§ Exercise details: Copy the lines below exactly, starting at the one with "Saber Lily by PrincessTeppelin" and ending at the one with "Dollar Tree Store: Dollar", and leave out any picture.

§ Extracted material:
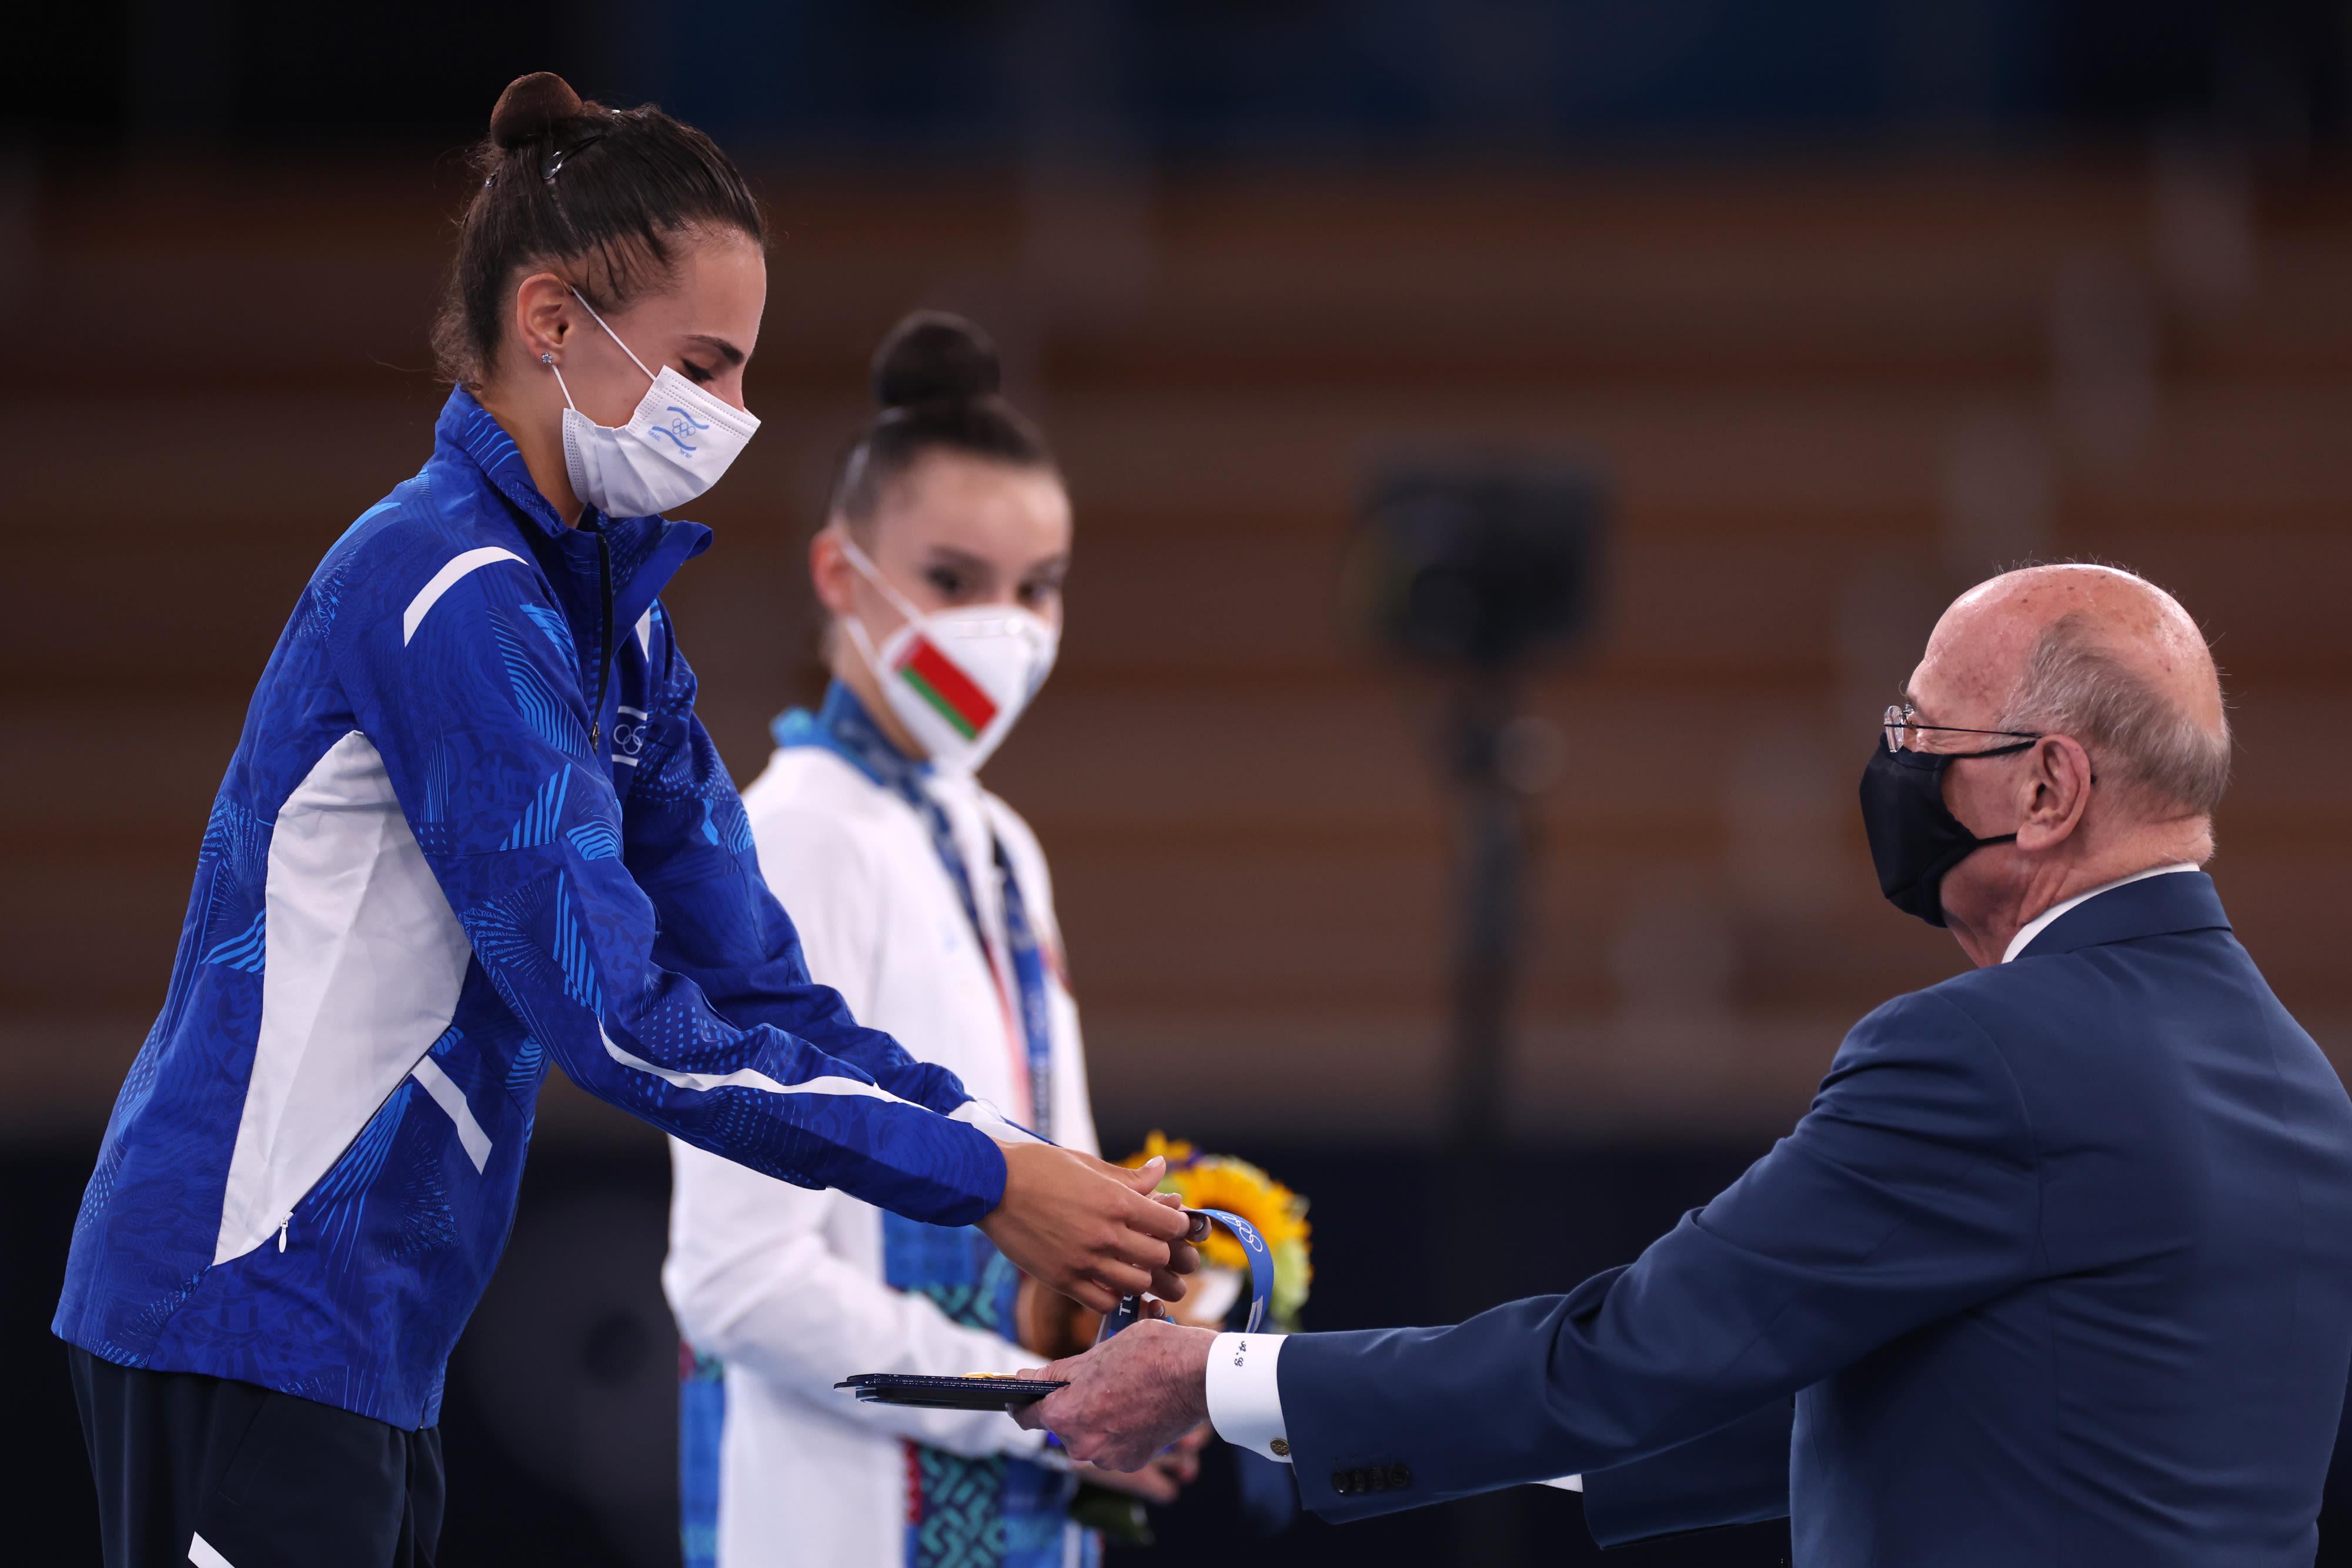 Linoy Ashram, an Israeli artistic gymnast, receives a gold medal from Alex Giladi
...
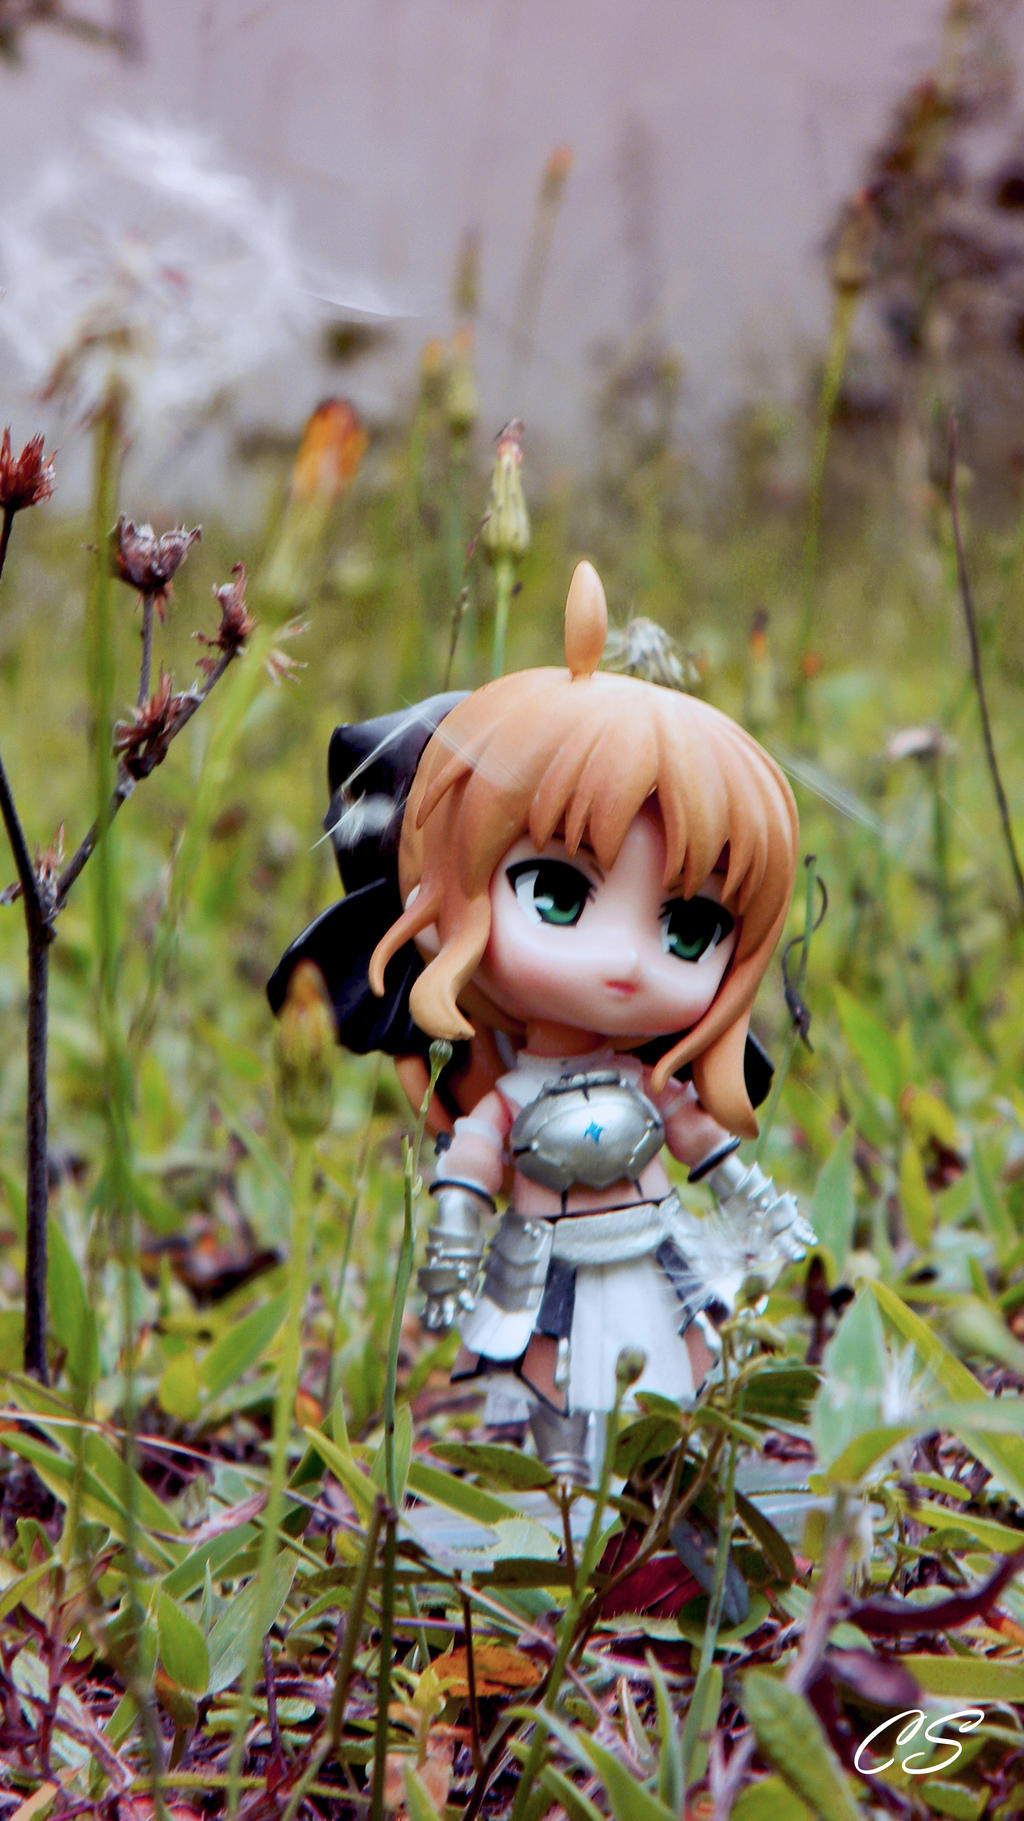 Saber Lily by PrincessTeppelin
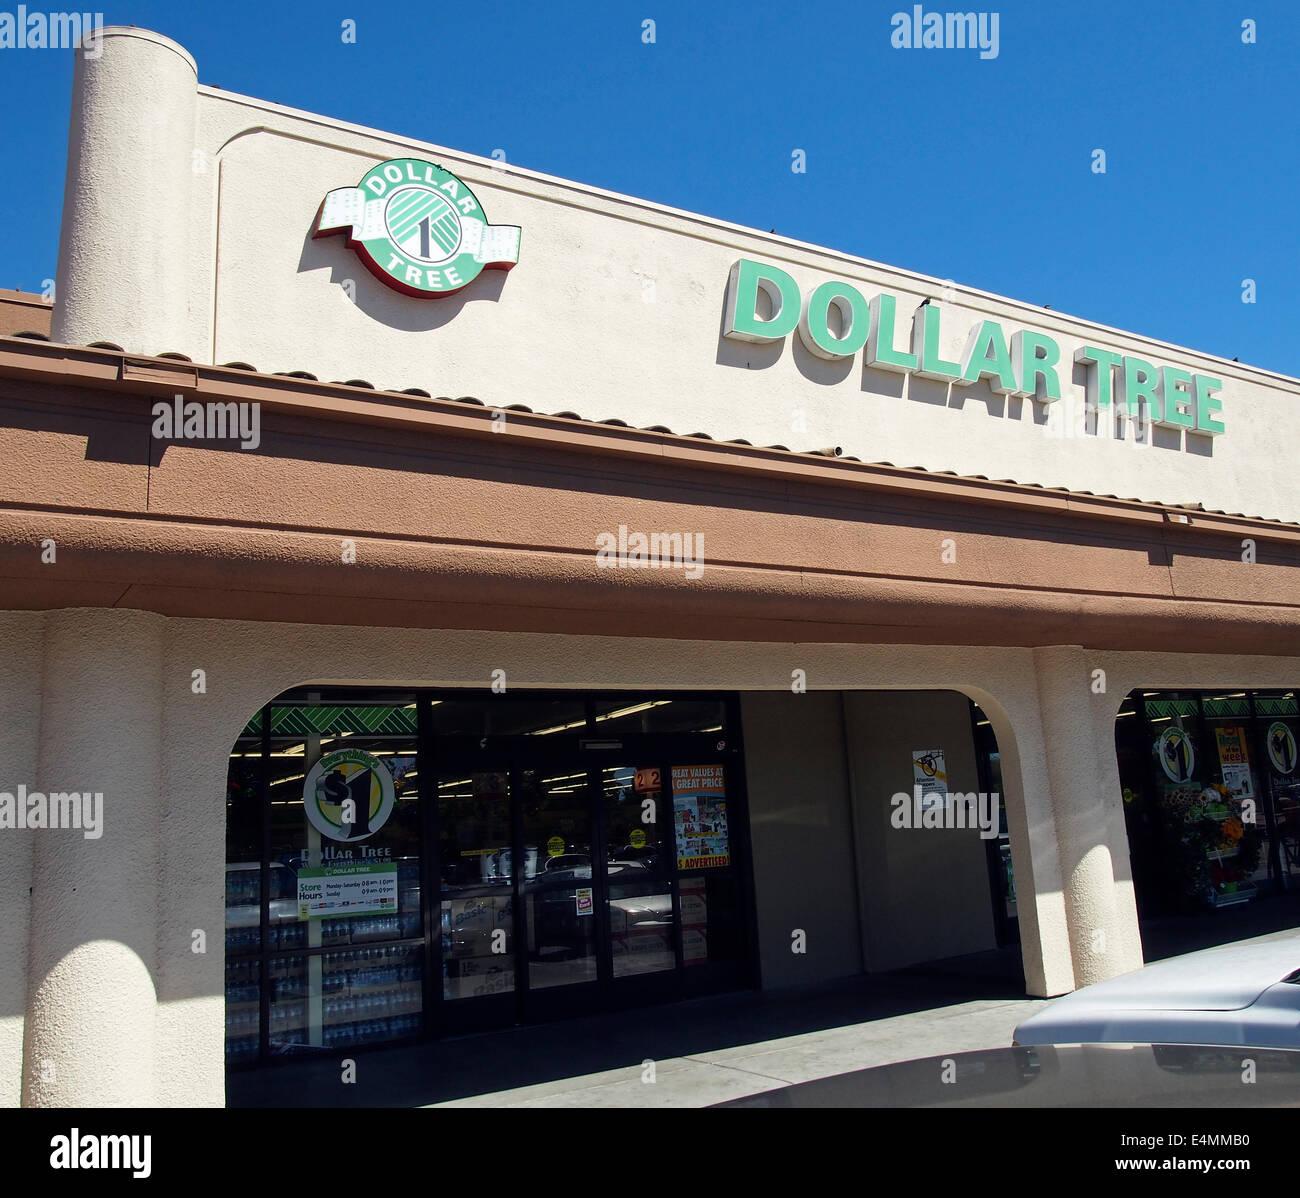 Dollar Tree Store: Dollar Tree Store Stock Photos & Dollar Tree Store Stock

§ Solution to this exercise:
 Saber Lily by PrincessTeppelin
 Dollar Tree Store: Dollar Tree Store Stock Photos & Dollar Tree Store Stock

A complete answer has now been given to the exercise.